Not every night at Ningxia Night Market will a red-braised eel stall appear — finding one is a matter of timing. Sections of eel are coated in starch, fried, and then soaked in a salty-sweet braising liquid, or finished with a light starch glaze and served in a bowl as a thick soup. This is a snapshot of the way Taiwan's local seafood tradition once ate. It is best preserved in this belt of old neighborhoods: Dadaocheng, the area around the old Yuan Huan. A flavor that belongs to those who never chased the trend.
What is Red-Braised Eel Thick Soup
Sections of eel are dusted with tapioca starch or sweet potato starch and deep-fried until the exterior sets and the fish is half-cooked, then transferred to a pot and braised with soy sauce, rock sugar, rice wine, ginger, and garlic until fully flavored. The reduced version coats the eel in a glossy deep brown glaze. The soup version adds starch to the braising liquid to create a flowing thick broth, poured into a bowl. The eel skin has a chewy bite; the sauce is salty and sweet with a slight tang. In the traditional local method, ginger slices and rice wine are used to suppress any muddy undertone, and the sauce tends to be sweeter than in most other braised dishes.

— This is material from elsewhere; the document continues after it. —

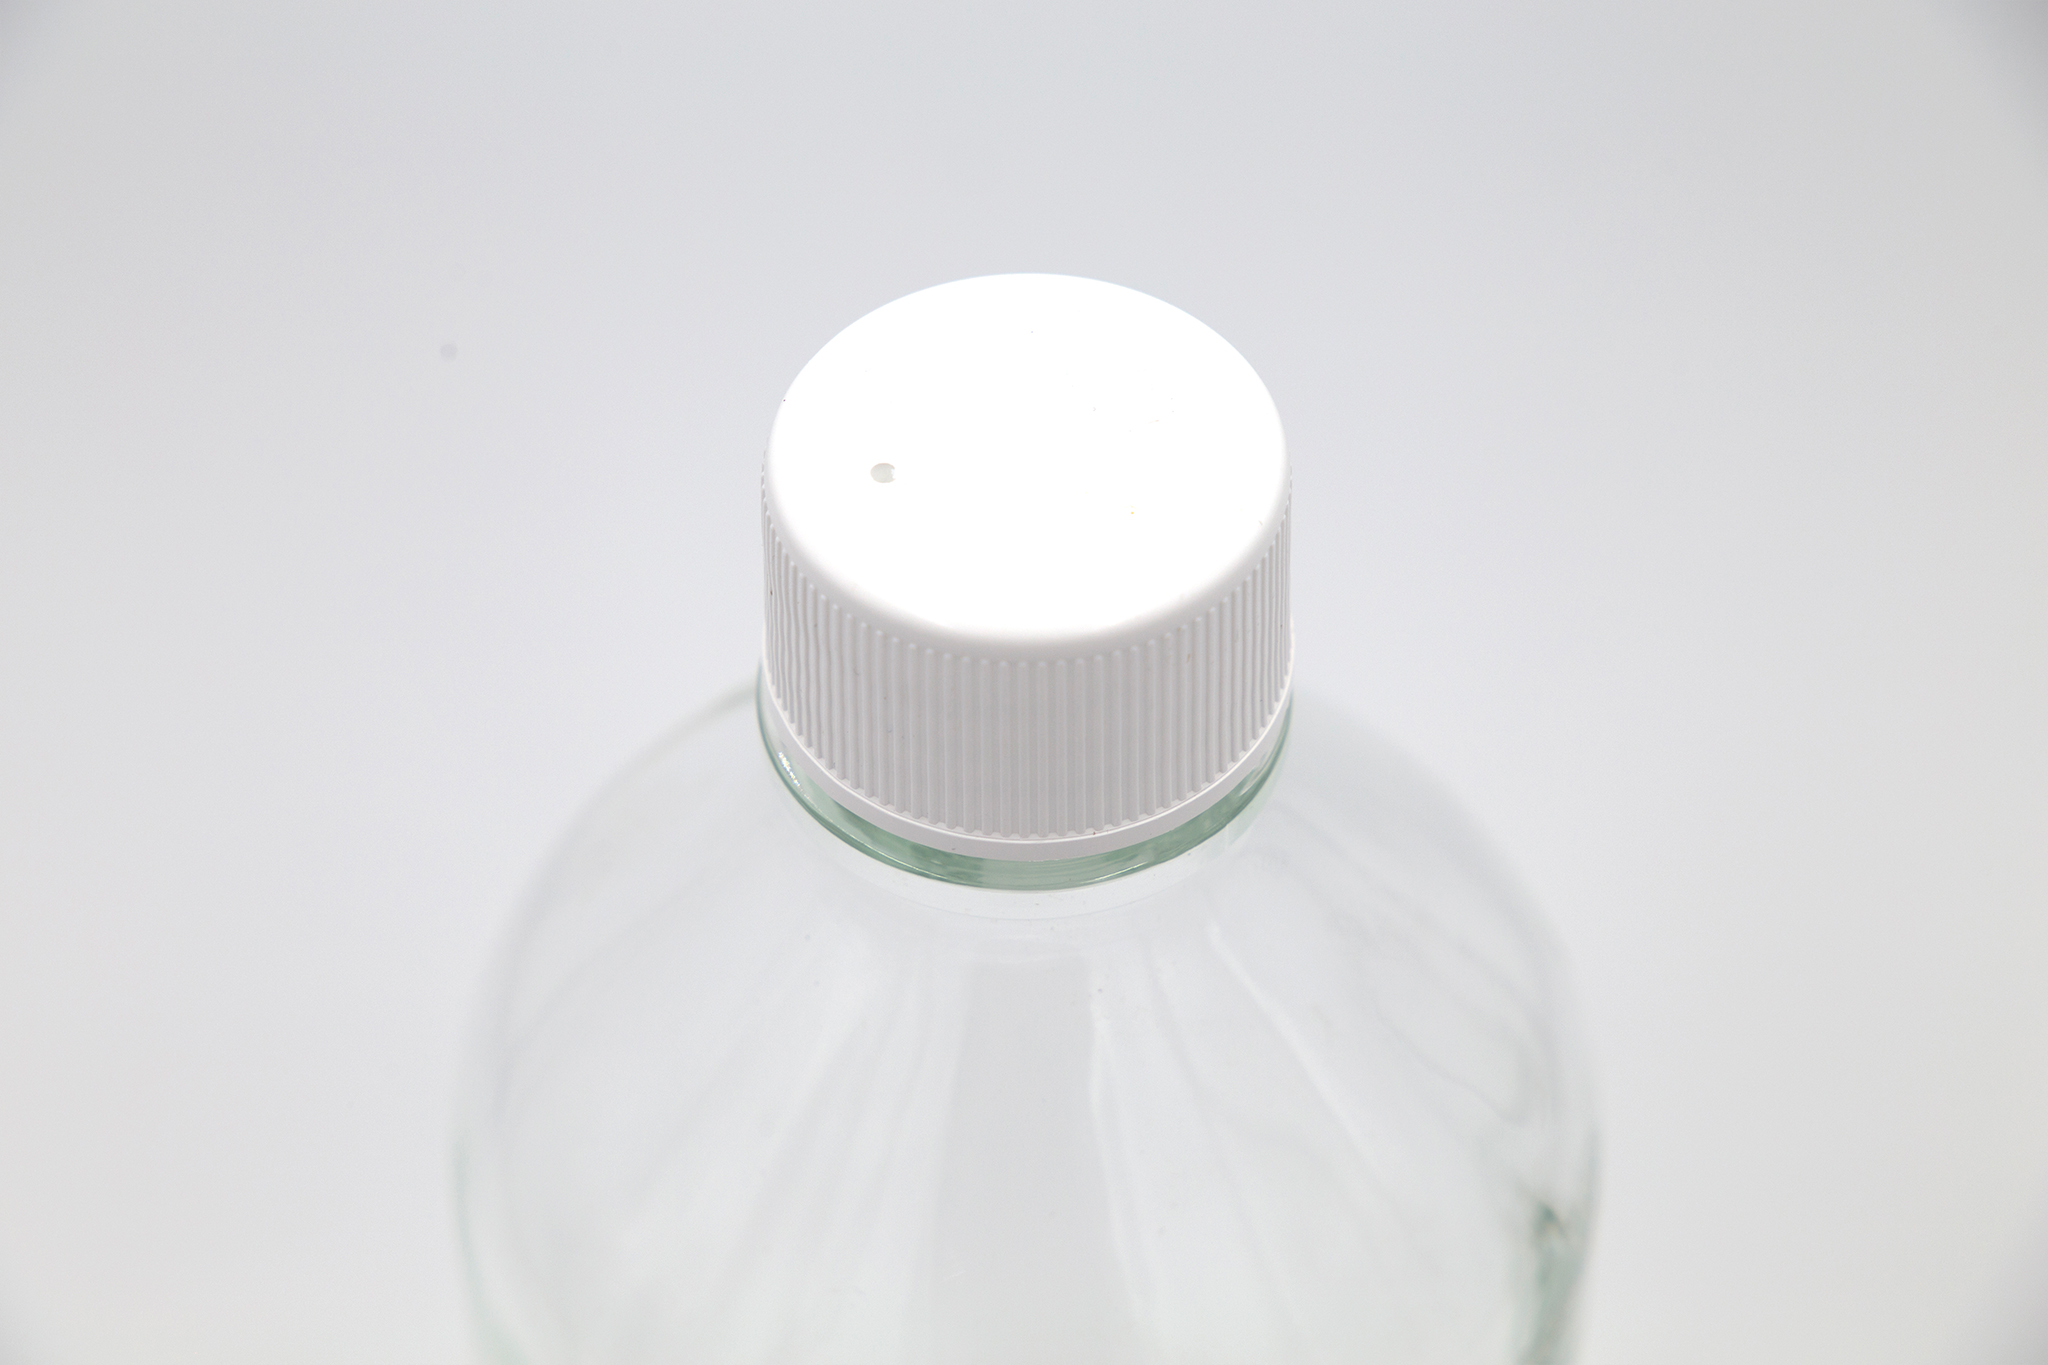 White cap on glass bottle over white background

Red-braised eel is a traditional temple-front and night market seafood item in Taiwan, more prevalent in the old city areas of the north, with the most intact supply found around Dadaocheng, Ningxia Night Market, and the former Yuan Huan area. Datong District has historically been a key commercial and religious center of Taipei, and the deep temple-front food culture here has kept traditional items like red-braised eel alive. Compared to the more widely available hua zhi geng or oyster soup, red-braised eel has far fewer stalls and is an item that takes deliberate effort to seek out.
How to eat it the local way
Local knowledge
Objective background
- How it's made: eel sections are coated in starch, fried until set, then braised with soy sauce, sugar, rice wine, ginger, and garlic, or finished with a starch glaze as a thick soup. It is a traditional temple-front and night market seafood item in Taiwan, more common in old northern city neighborhoods.
- Ningxia Night Market and the Dadaocheng Yuan Huan area in Datong District are the traditional food culture heartland of Taipei's Datong District, home to a range of traditional local Taiwanese snacks, with a relatively high proportion of long-time local customers.
Practical tips
- Red-braised eel stalls at Ningxia Night Market do not operate on a fixed nightly schedule. It is a rare find. If you have a specific target shop in mind, call ahead to check.
- Eel has a pronounced aroma that some people are not comfortable with. For a first try, choose a version braised with ginger slices — the ginger effectively reduces any muddy or fishy undertone.
- Transport to Ningxia Night Market is the same as before: walkable from MRT Zhongshan or Shuanglian Station. Weekend crowds are present but the environment is not overwhelming.